## [DATA SEGMENT]
········

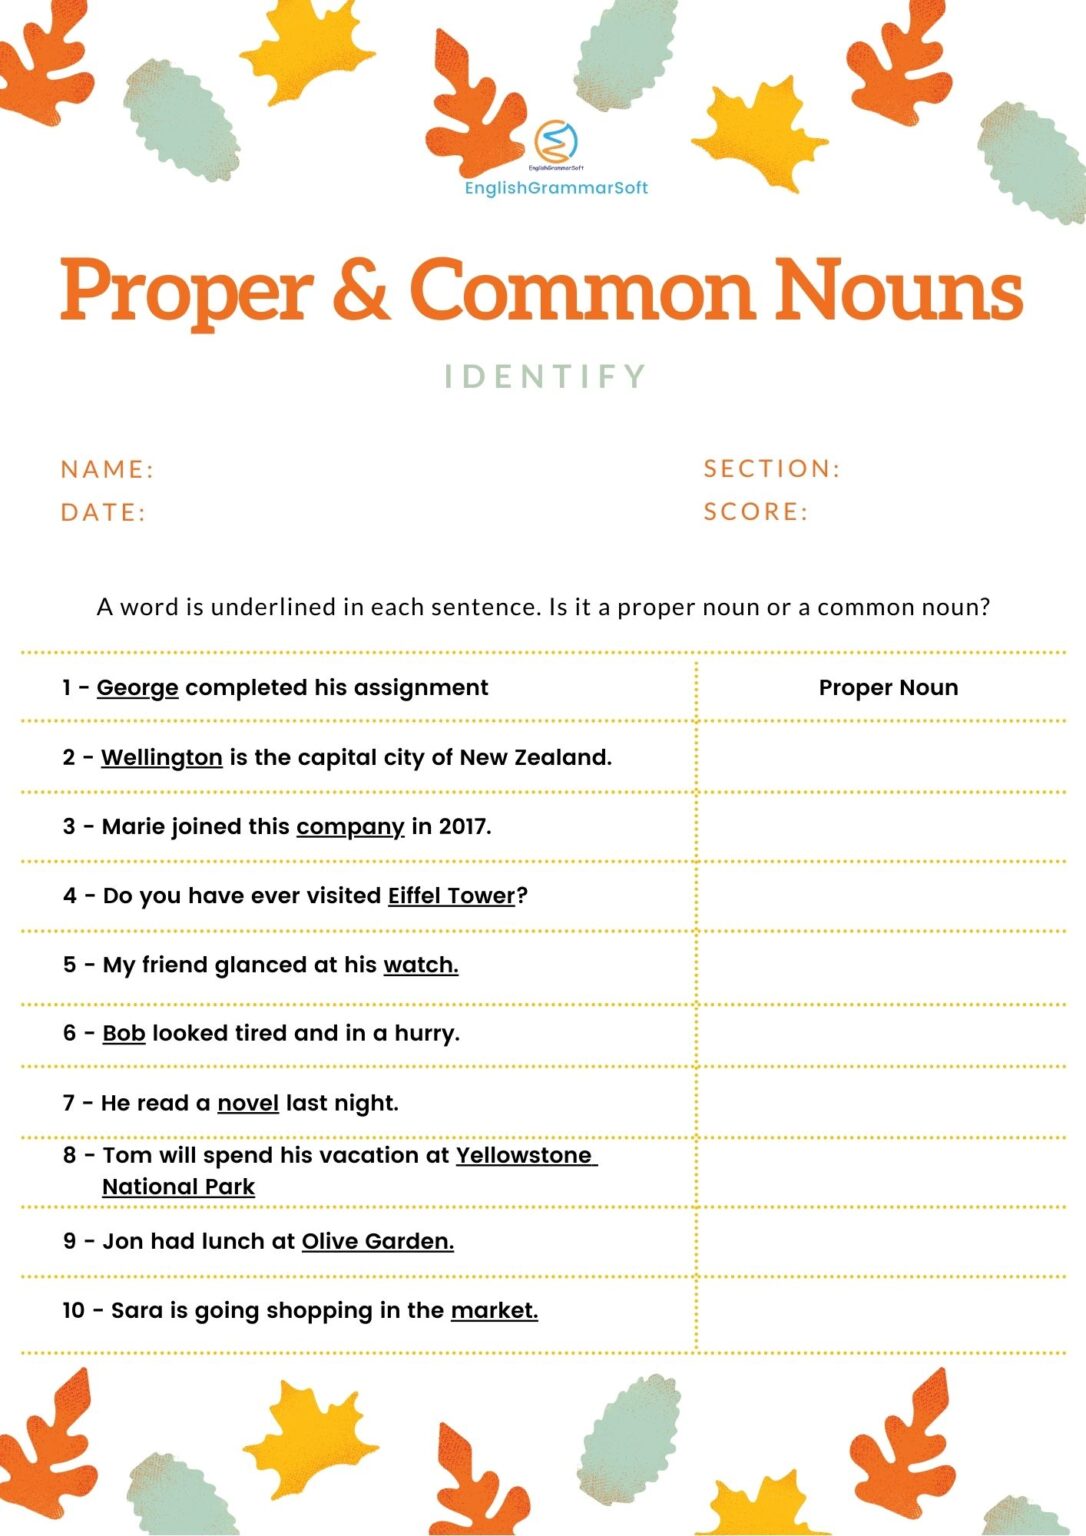 Proper Nouns And Common Nouns Detailed Lesson Plan Proper Nouns Vrogue
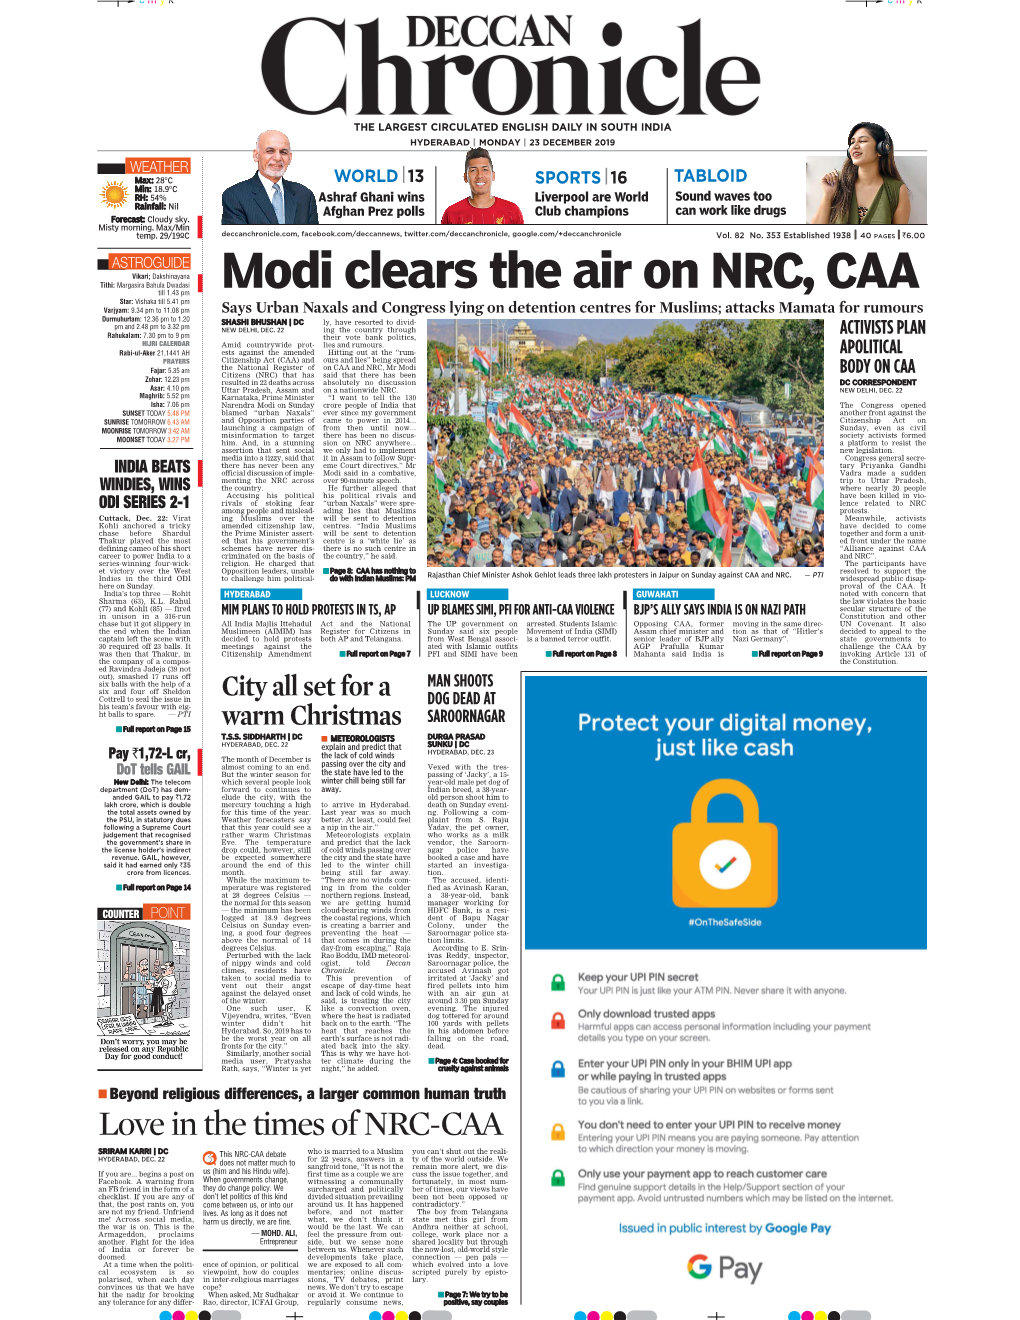 Modi Clears the Air on NRC
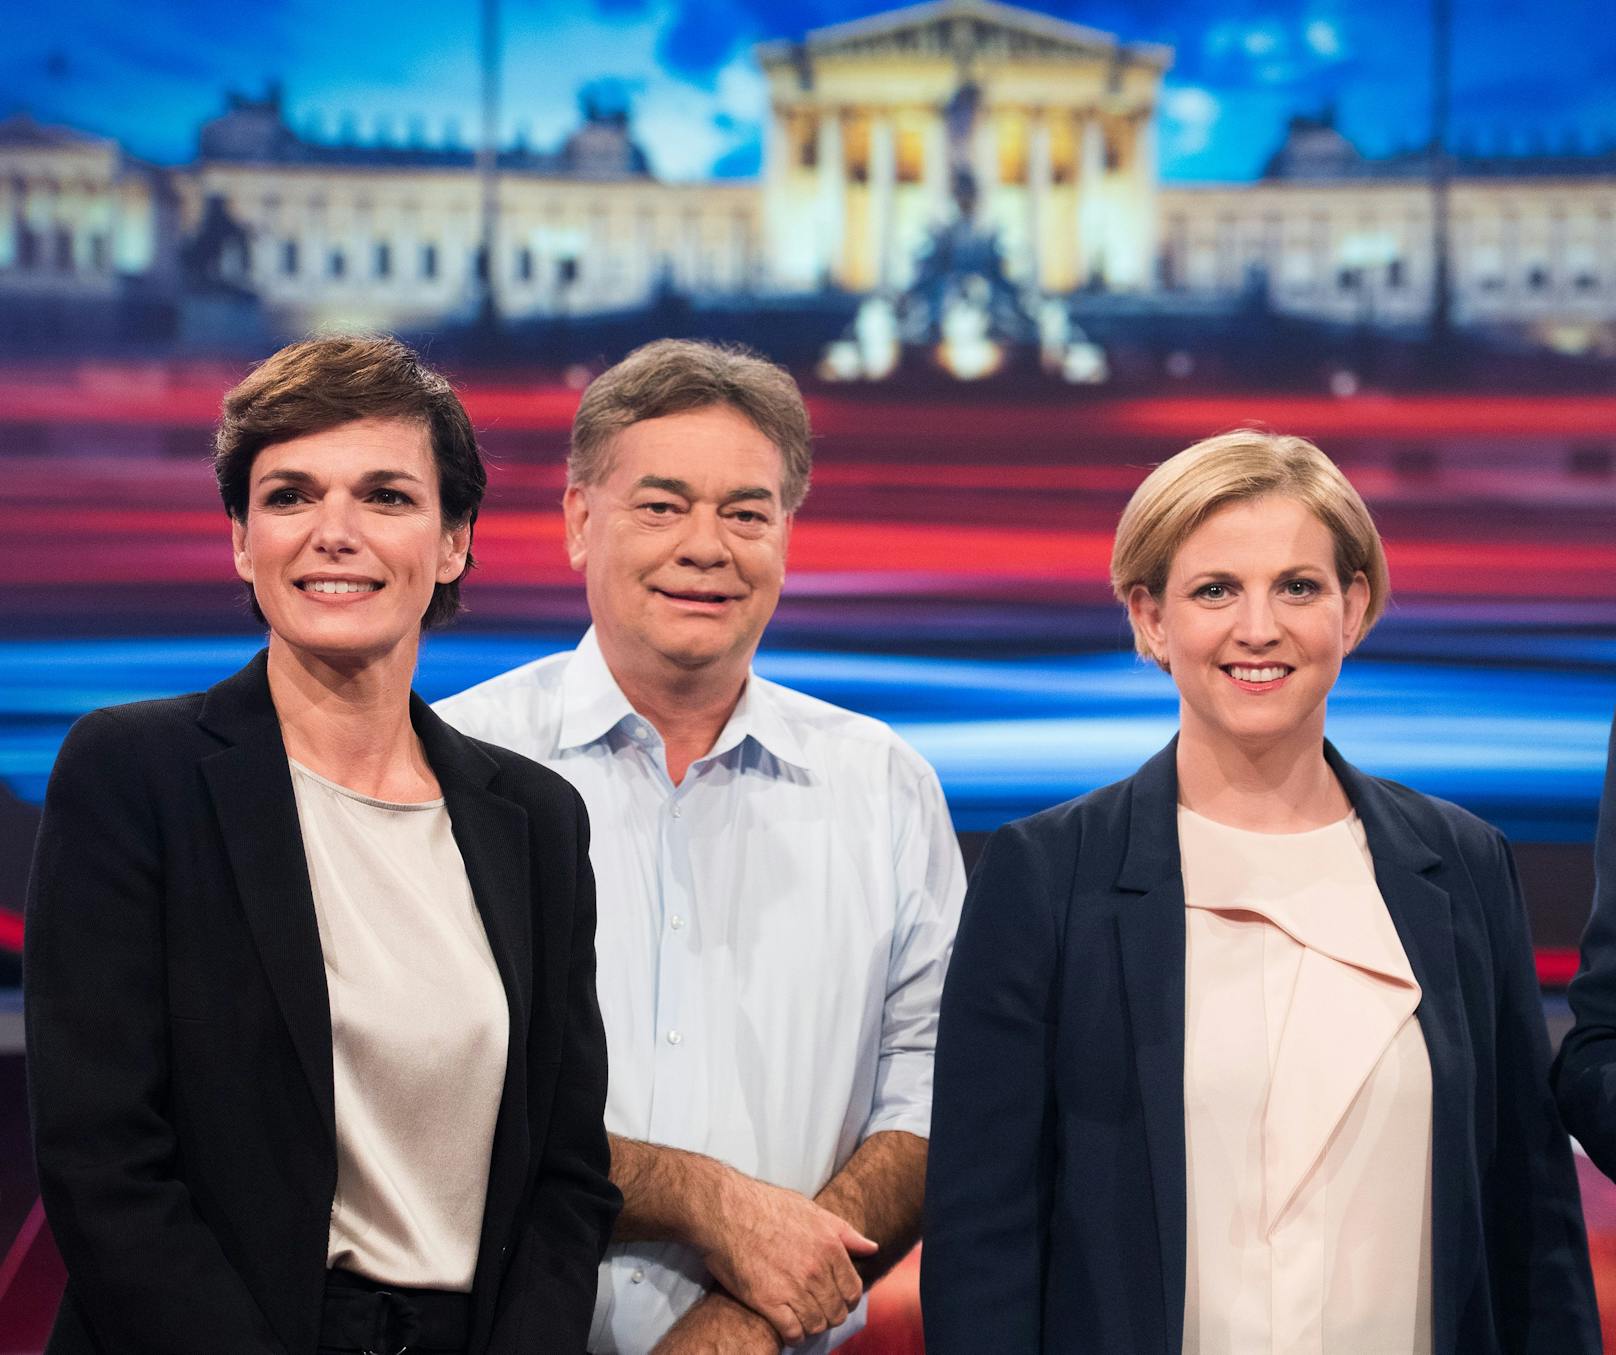 Könnten erstmals zusammen regieren: SPÖ-Chefin Pamela Rendi-Wagner, Grünen-Chef Werner Kogler und NEOS-Chefin Beate Meinl-Reisinger.
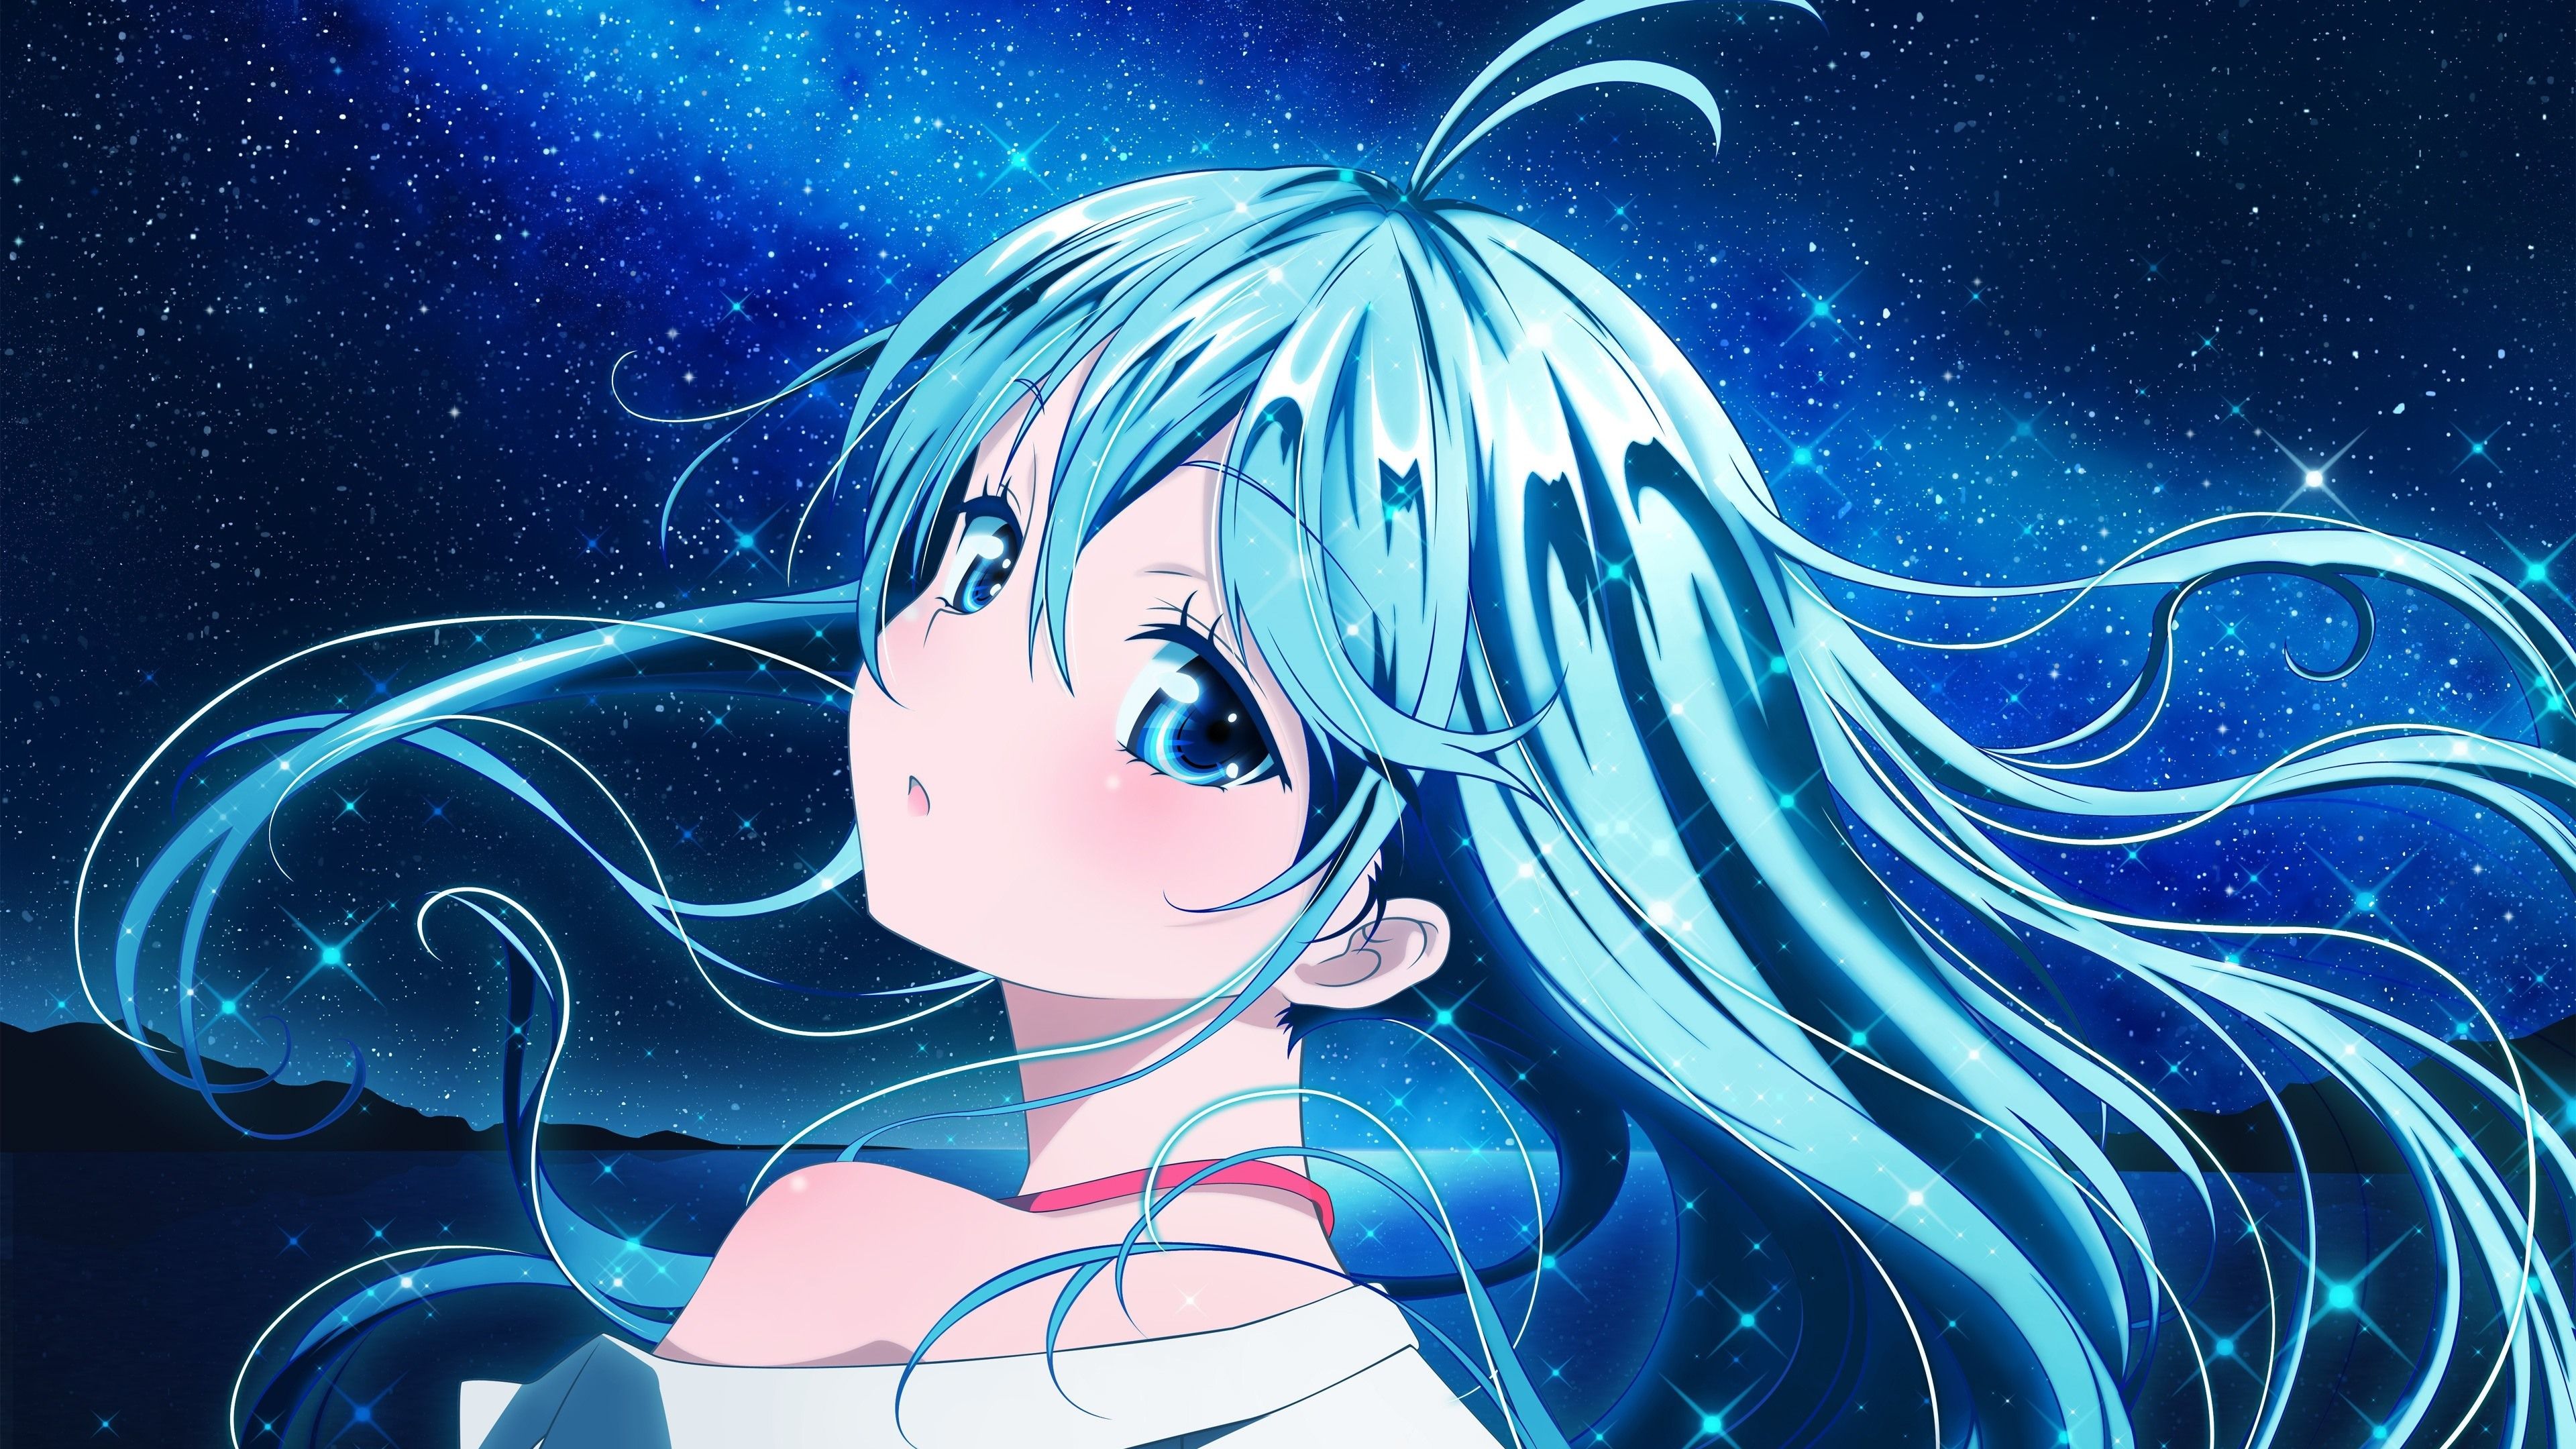 Wallpaper Blue hair anime girl, starry, shine 3840x2160 UHD 4K

········

## [WHAT YOU ARE ASKED TO DO]
The output should be the material above, copied exactly, without its pictures.

## [RESPONSE]
 Proper Nouns And Common Nouns Detailed Lesson Plan Proper Nouns Vrogue
 Modi Clears the Air on NRC
 Könnten erstmals zusammen regieren: SPÖ-Chefin Pamela Rendi-Wagner, Grünen-Chef Werner Kogler und NEOS-Chefin Beate Meinl-Reisinger.
 Wallpaper Blue hair anime girl, starry, shine 3840x2160 UHD 4K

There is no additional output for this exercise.